When Bonanza debuted on NBC in 1959, the show didn’t appear to be on track to run for 14 years, let alone to finish in the top five in the Nielsen ratings for nine years straight. Scheduled opposite the Saturday night powerhouse Perry Mason, Bonanza looked like just another TV western, at a time when the tube was packed with them. Its main distinguishing feature was that it was in color. But Bonanza hung in, and grew on audiences thanks to well-delineated characters and a premise that allowed for a wider range of stories than the usual cowboy fare. Set on a big Nevada ranch near a silver-mining boomtown, Bonanza starred Lorne Greene as thrice-widowed entrepreneur Ben Cartwright, working his property alongside his three grown sons: shrewd, steely Adam (played by Pernell Roberts), big-hearted brute Hoss (Dan Blocker), and hotheaded dandy Little Joe (Michael Landon). These weren’t unruly frontiersman; they were worldly fellows living on a well-appointed estate, and dealing with sibling rivalry, romance, and the vicissitudes of big business.
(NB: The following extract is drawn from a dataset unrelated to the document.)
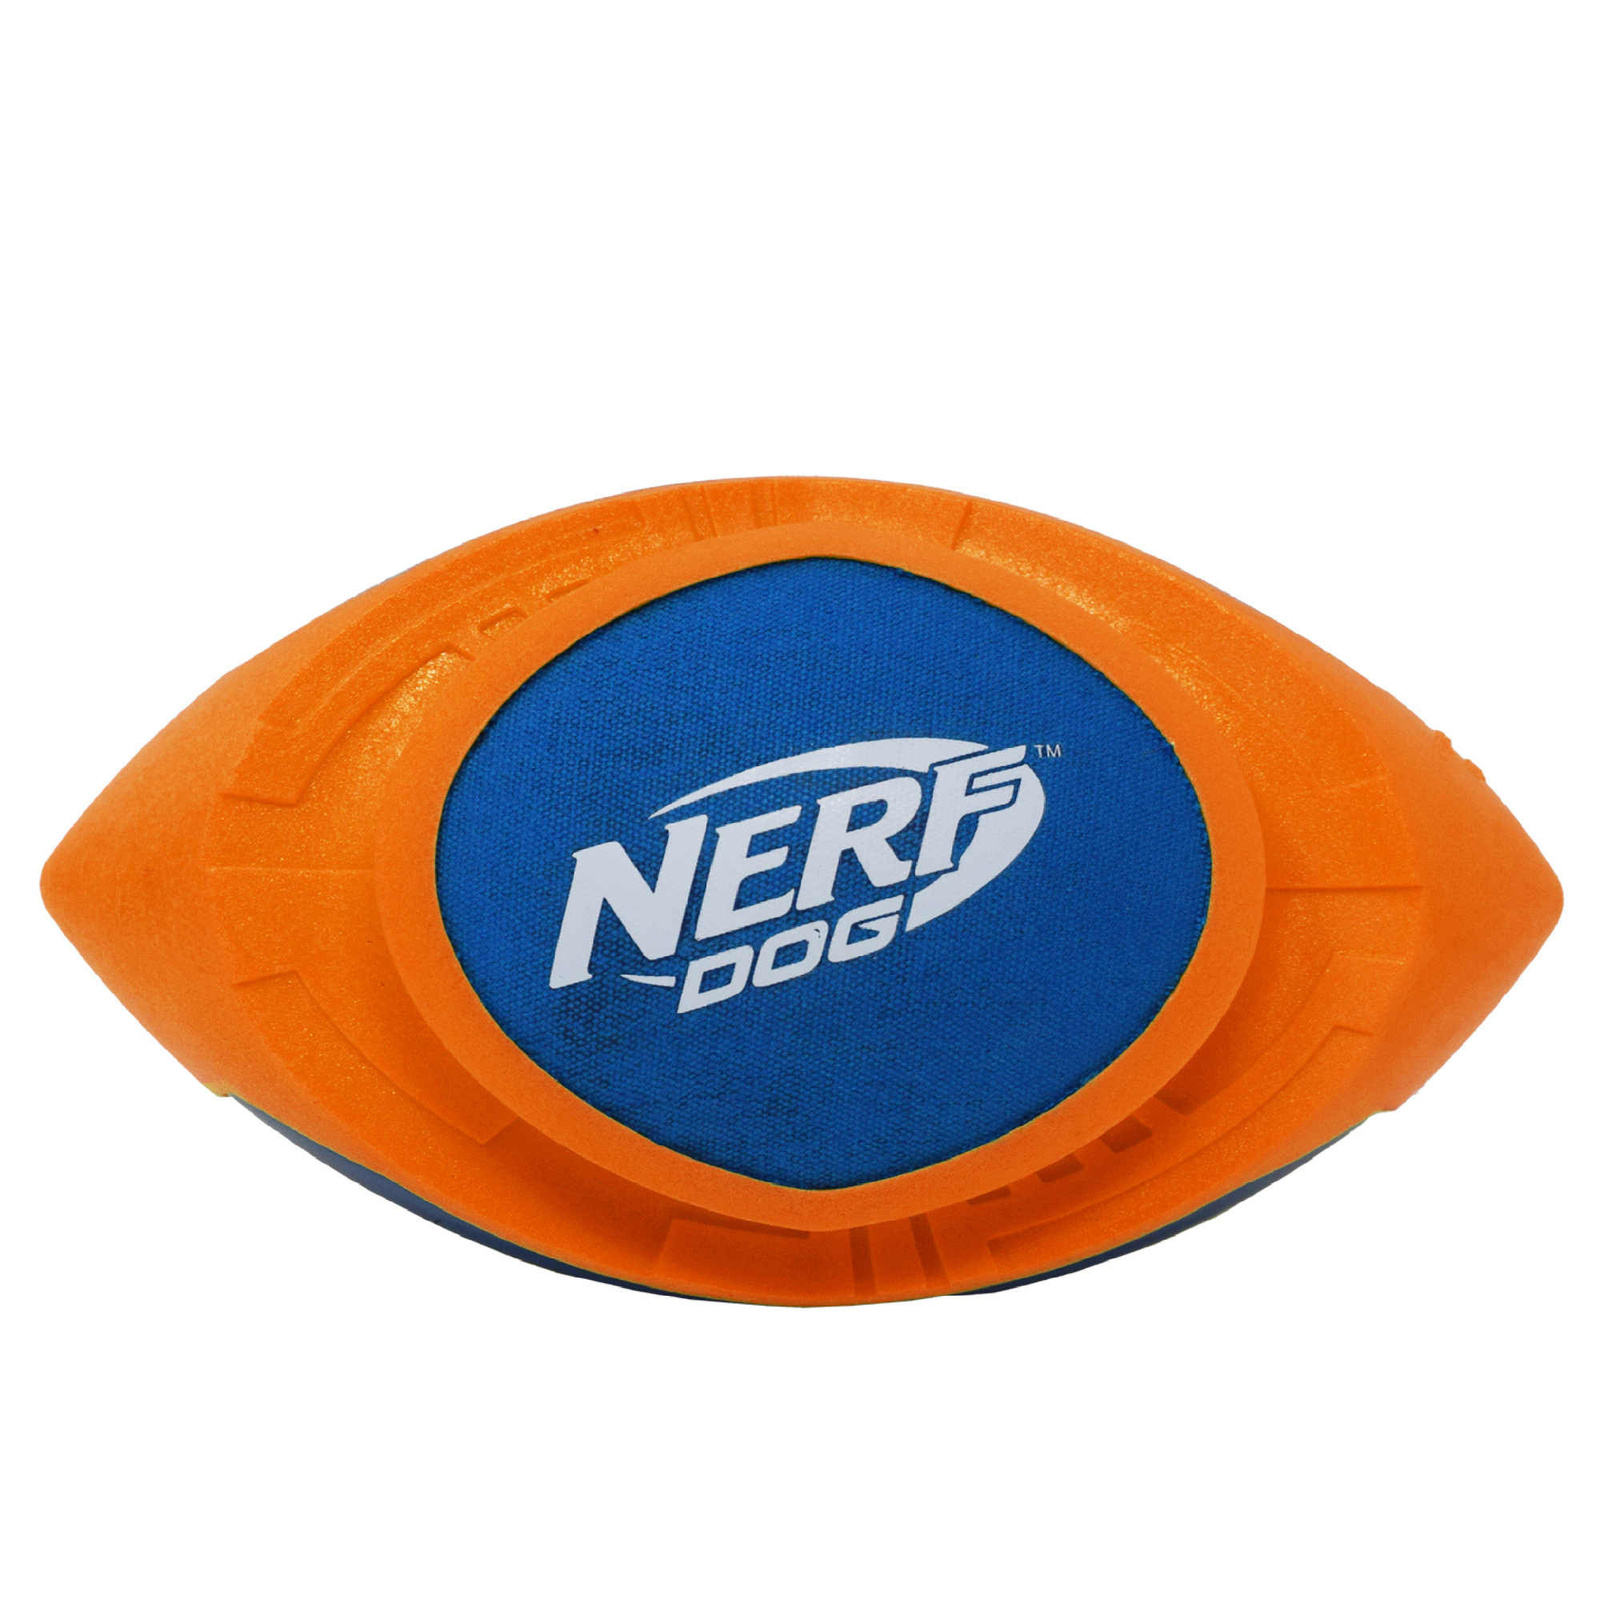 Nerf Nerf мяч для регби из вспененной резины и нейлона, 18 см (серия Мегатон), (синий/оранжевый) (263 г) nerf nerf мяч для регби из вспененной резины и нейлона 18 см серия мегатон синий оранжевый 263 г

Bonanza quickly became less of a western than a corporate melodrama with sidearms.

Bonanza’s first season isn’t as strong as what would come later, when the production loosened up a little and allowed some talented writers and directors to leave their mark. (None other than Robert Altman helmed eight fine episodes in the second season.) Bonanza always offered a “prop department” version of the old west, where even the dirt in the streets looked clean, and people could gun each other down with no blood or regrets. And in the early going the show was especially stiff, with the characters wearing their motivations and emotions right on their faces. (Landon would look doe-eyed, Blocker confused, and so on.) Yet even from the beginning the Cartwright clan was an easy bunch to spend time with, as they lounged around their elegant ranch house, eating meals prepared by their skilled Chinese cook. And season one introduced the themes that would continue to define the show: primarily the conflict between the rapaciousness of industry and the more sophisticated, humane kind of progress represented by the Cartwrights. Bonanza won over TV fans the way the Cartwrights swayed their reluctant neighbors: by representing the kind of dogged, un-splashy quality that endures.

Key features: A 1952 anthology series episode that helped inspire the show, plus multiple interviews with producer David Dortort.